As has become known, Racing Point had the brake ducts of the 2019 Mercedes as a template already and the FIA ​​knew about it as stated by Racing Point Technical Director Andy Green:

They [The FIA] did comment on how similar they [the brake ducts] were to the Mercedes and we commented on why they were so similar: because we purchased the brake ducts in 2019.”

At this stage the lines of legality and ethics appear to blur because brake ducts were a non-listed part in 2019 but this changed in 2020 and so from then every team had to design them. However, Racing Point bought the W10 version of brake ducts from Mercedes in 2019 and then the Silverstone based racing outfit designed the RP20 brake ducts based on legally acquired data which had been legally purchased in 2019. Basically, the team could not unsee the knowledge which they had required legally so of course it would influence the direction of their 2020 F1 Challenger.

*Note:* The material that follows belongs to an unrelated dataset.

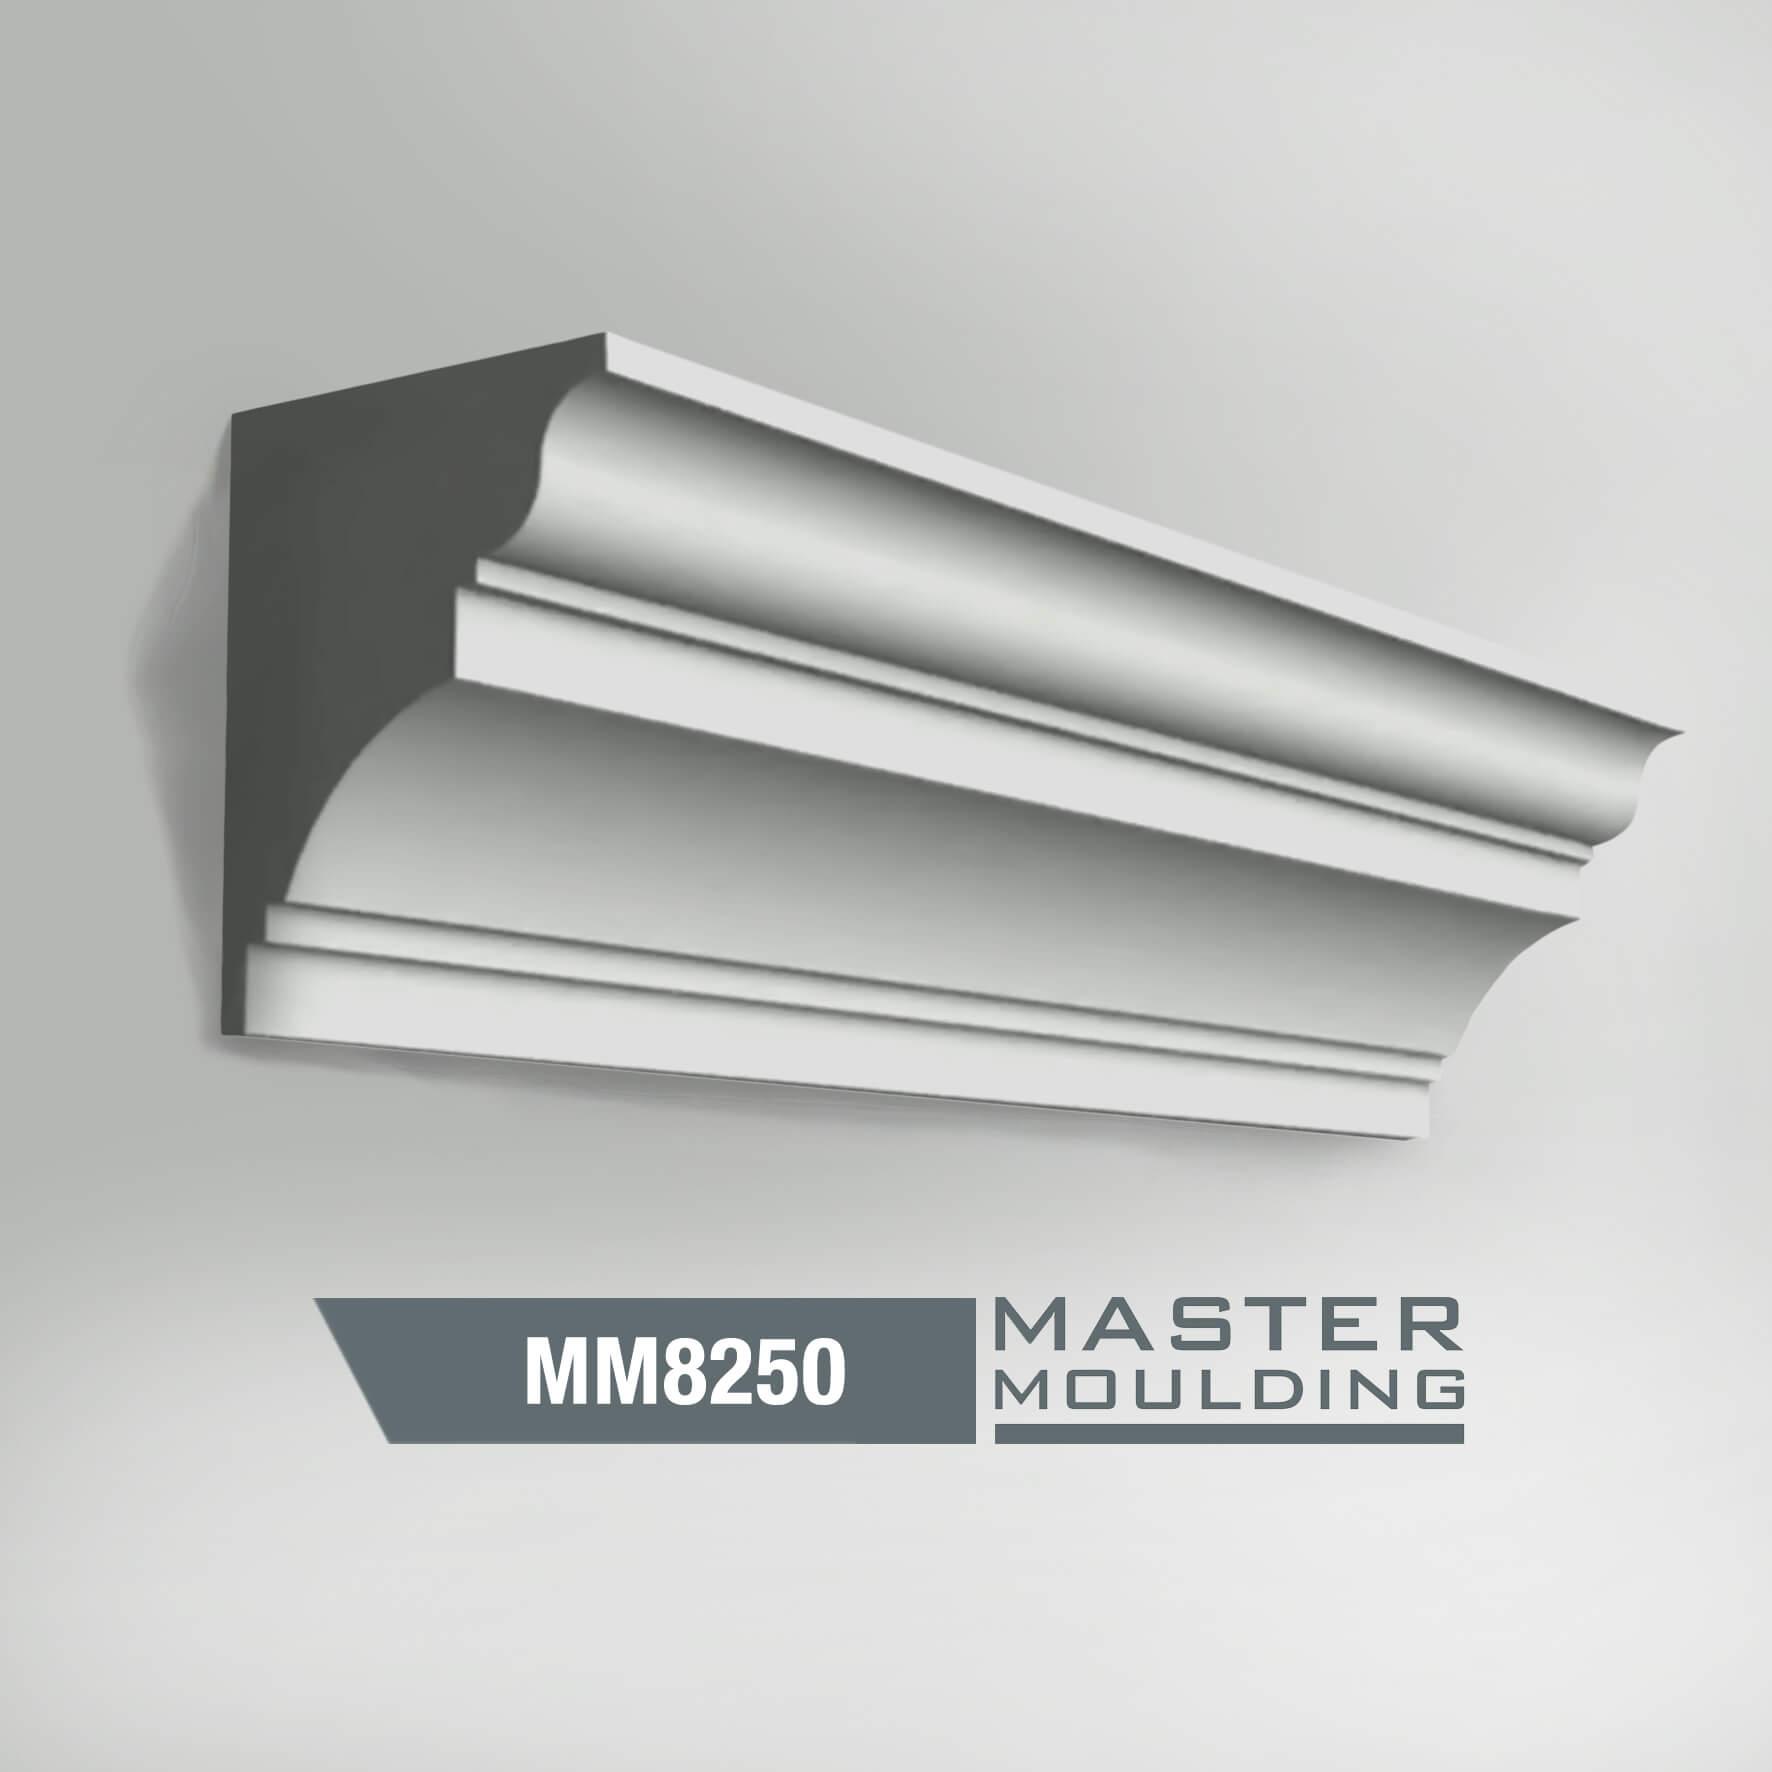 MM8250

The report into the case reads that: ‘In the paddock, it is said that Renault received a tip from an ex-Racing Point employee. They changed camp in winter,’. As dramatic as this sounds, the alleged whistleblower will likely only come to the surface when this matter faces the Court of Appeals – as the report states: ‘If they exist, they will likely only play the key witnesses before an Appeals court with a civil judge.’

Such an outcome is inevitable as no matter how the argument ends this will not be the end of the matter.

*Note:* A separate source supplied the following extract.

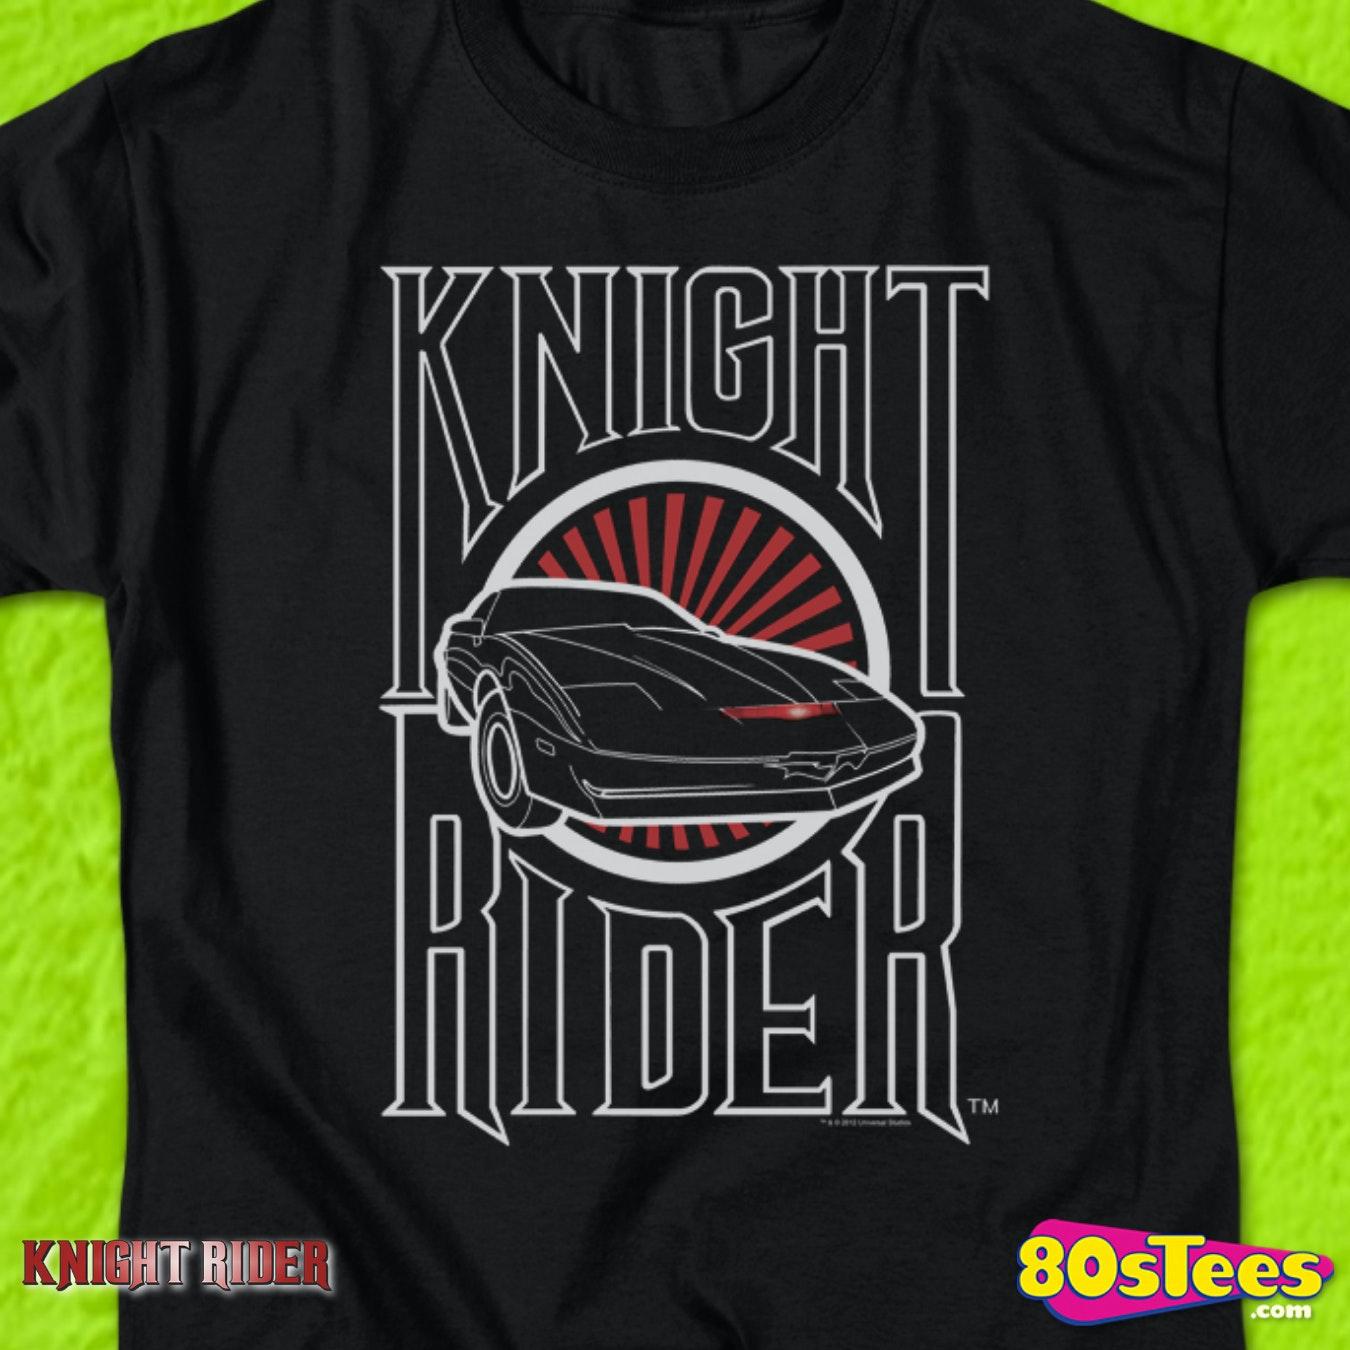 knight industries Knight-rider 80s TV show T-shirt

When the case goes to the FIA ​​Court of Appeals after the first judgment, then will come the real discussion as to how much copying is permitted. However, Andy Green is clear in his belief of what the decision should be:

“The protest should be dismissed,” Green said. “We followed the rules and used drawings and data to show why the brake vents of the two cars are so similar.”

Of course, following the performance of Lance Stroll on Sunday (coming home in 9th) and Nico Hulkenberg’s clutch issue (resulting in a DNS) the RP20 looks as far from being a pink Mercedes as can be and Andy Green is aware they are struggling:

“I'd say for lots of different reasons, we would admit that things haven't gone our way and we have made mistakes in the first few races,” said Green when asked by publication Motorsport.com on the issue after Sunday’s British Grand Prix.

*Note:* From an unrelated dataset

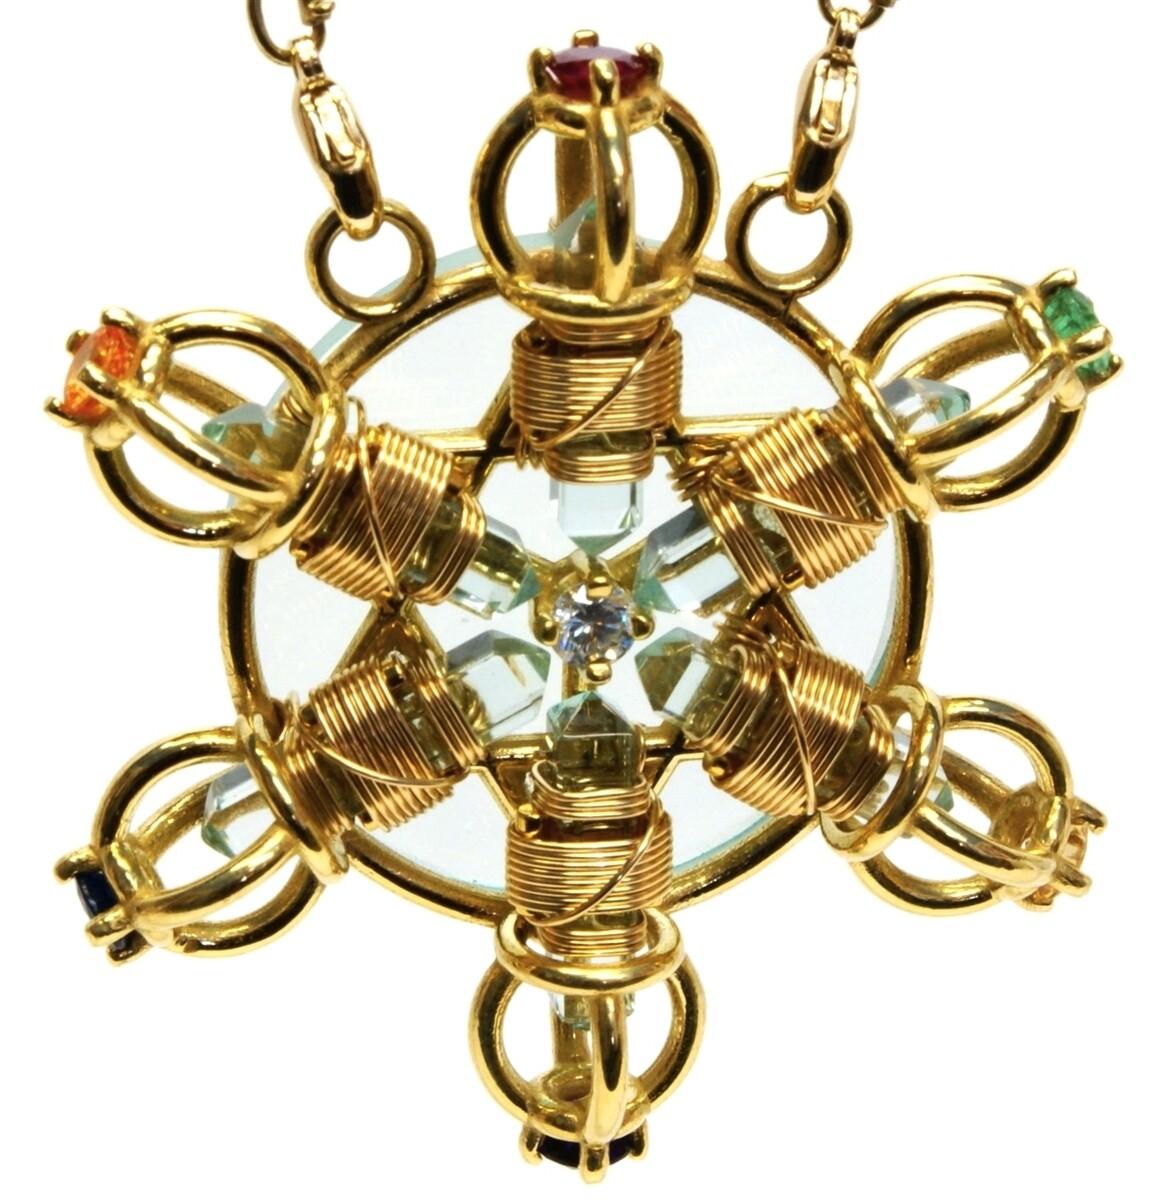 Buddha Maitreya the Christ 24K Gold-plated 7 Ray Shambhala Star Radiator with Semi-precious Stones

“And we're underperforming [at Silverstone], but again, for something that I think is out of our control, with respect to losing a driver and having to change our weekend around…It's not something that you can really point the finger at. And just lots, lots of little things haven't quite gone our way. And we've seen glimpses of what the car's capable of doing, and we just understand that it is very difficult to keep it there at its peak. And we have to work incredibly hard to do that. So I think that's, that's a lot of the problem. I don't think we're the only ones up and down.”

As up and down as Racing Point’s performance may be, any eventual points deduction would put them far down in the Formula One Constructors’ table - but such discussion is a long way off.

In the meantime, with the 70th Anniversary of Formula One Grand Prix approaching this weekend so too will yet another Renault Sport protest at the end of it.

Following the conclusion of this whole affair, whenever that may be, one cannot help but predict that the real loser in this will be the sport of Formula One and that is the last thing the pinnacle of motorsport needs.